Exercise:
Reproduce exactly, from the data that follows, the line with "House projects: Blackbird Community", the line with "DDSC Monthly Program", and every line that lies between them.

Supplied material:

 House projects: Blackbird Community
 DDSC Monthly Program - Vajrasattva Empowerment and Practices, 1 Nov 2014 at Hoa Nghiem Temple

* * *

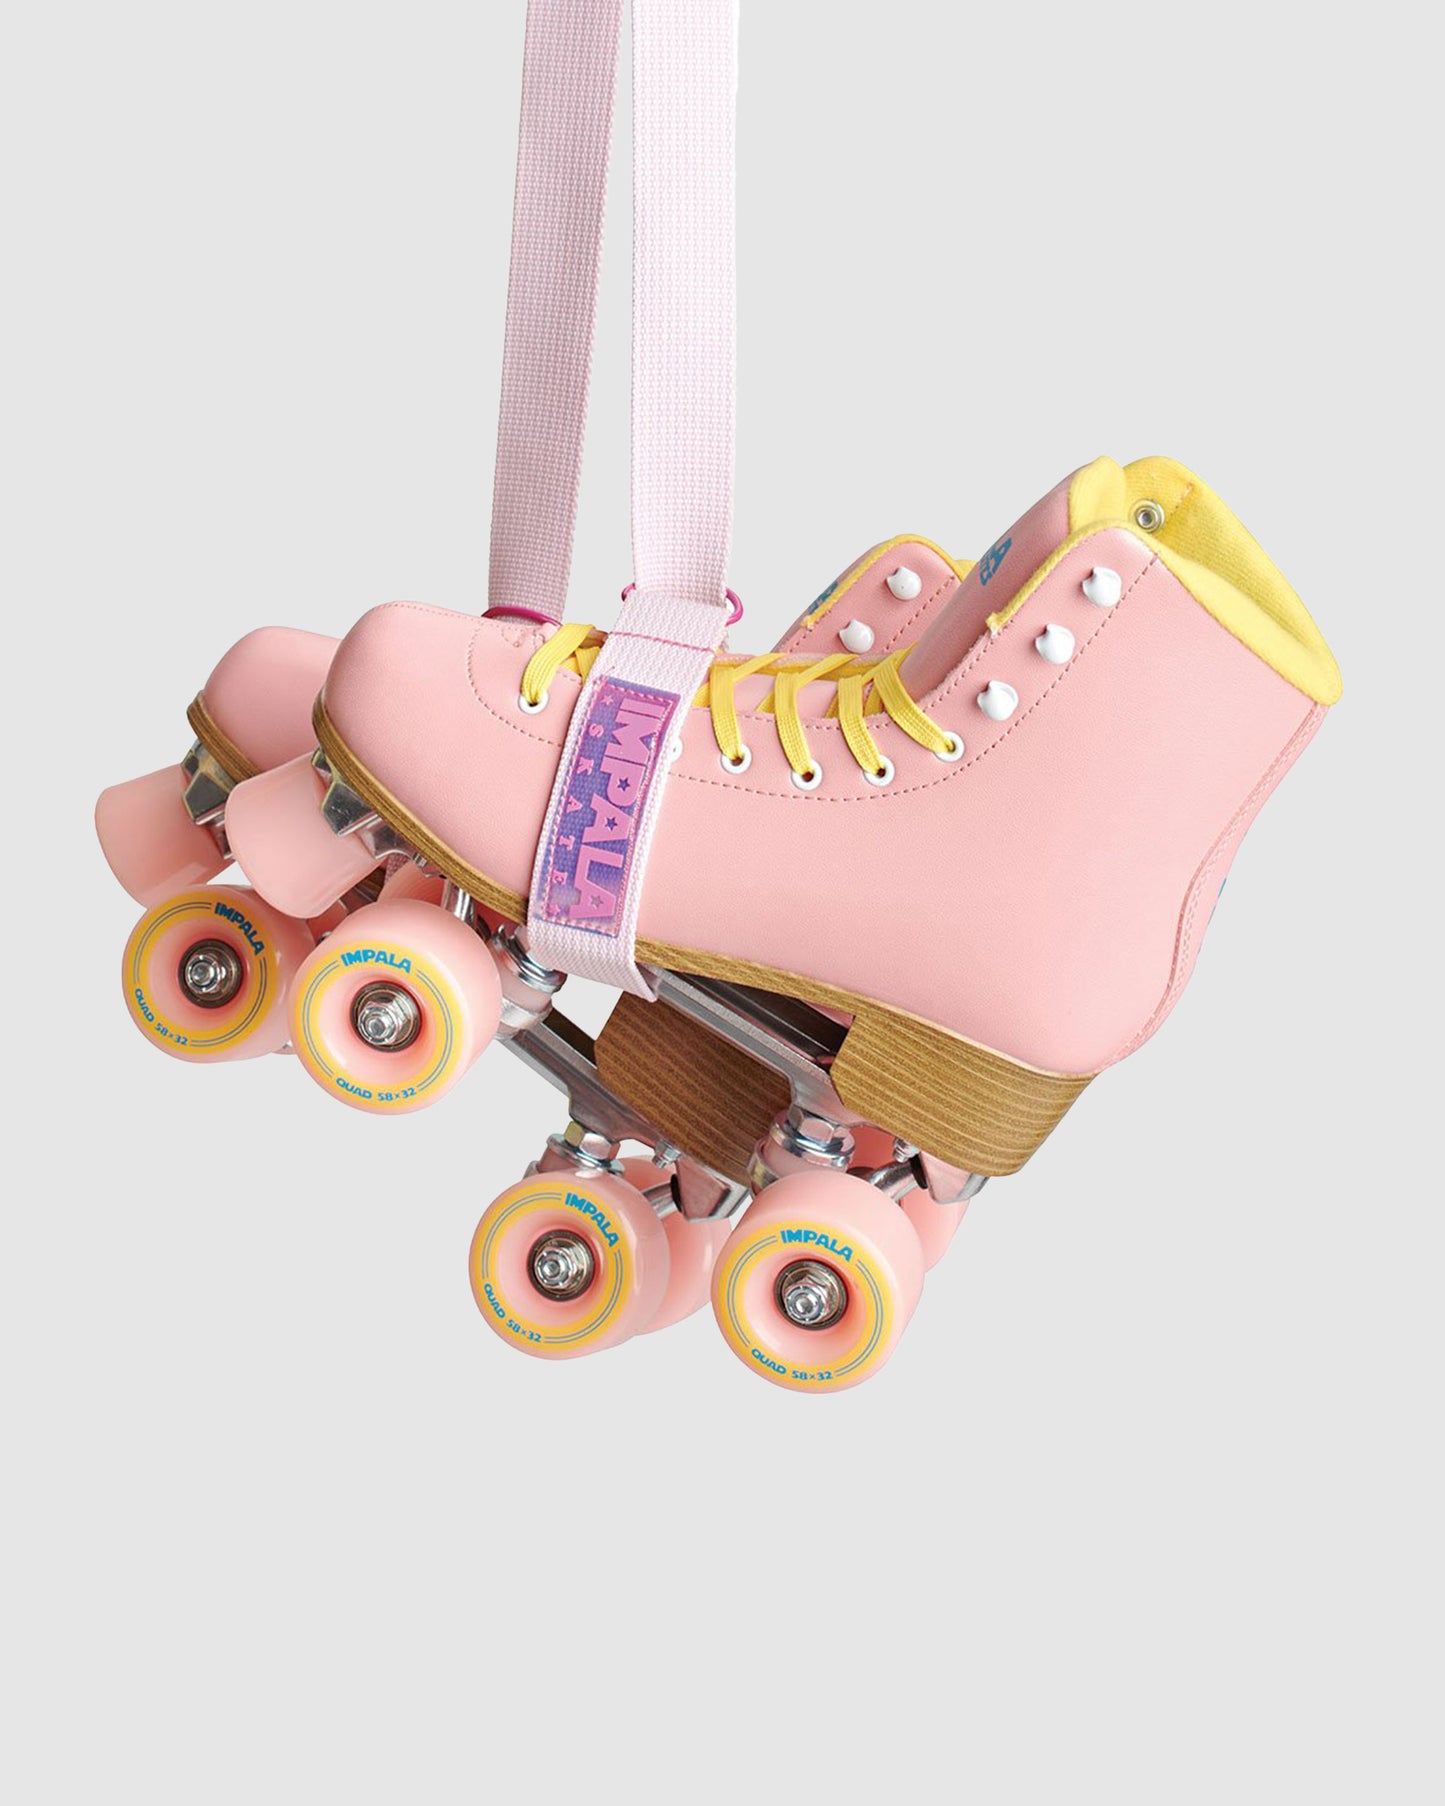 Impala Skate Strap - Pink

Task response:
 House projects: Blackbird Community
 DDSC Monthly Program - Vajrasattva Empowerment and Practices, 1 Nov 2014 at Hoa Nghiem Temple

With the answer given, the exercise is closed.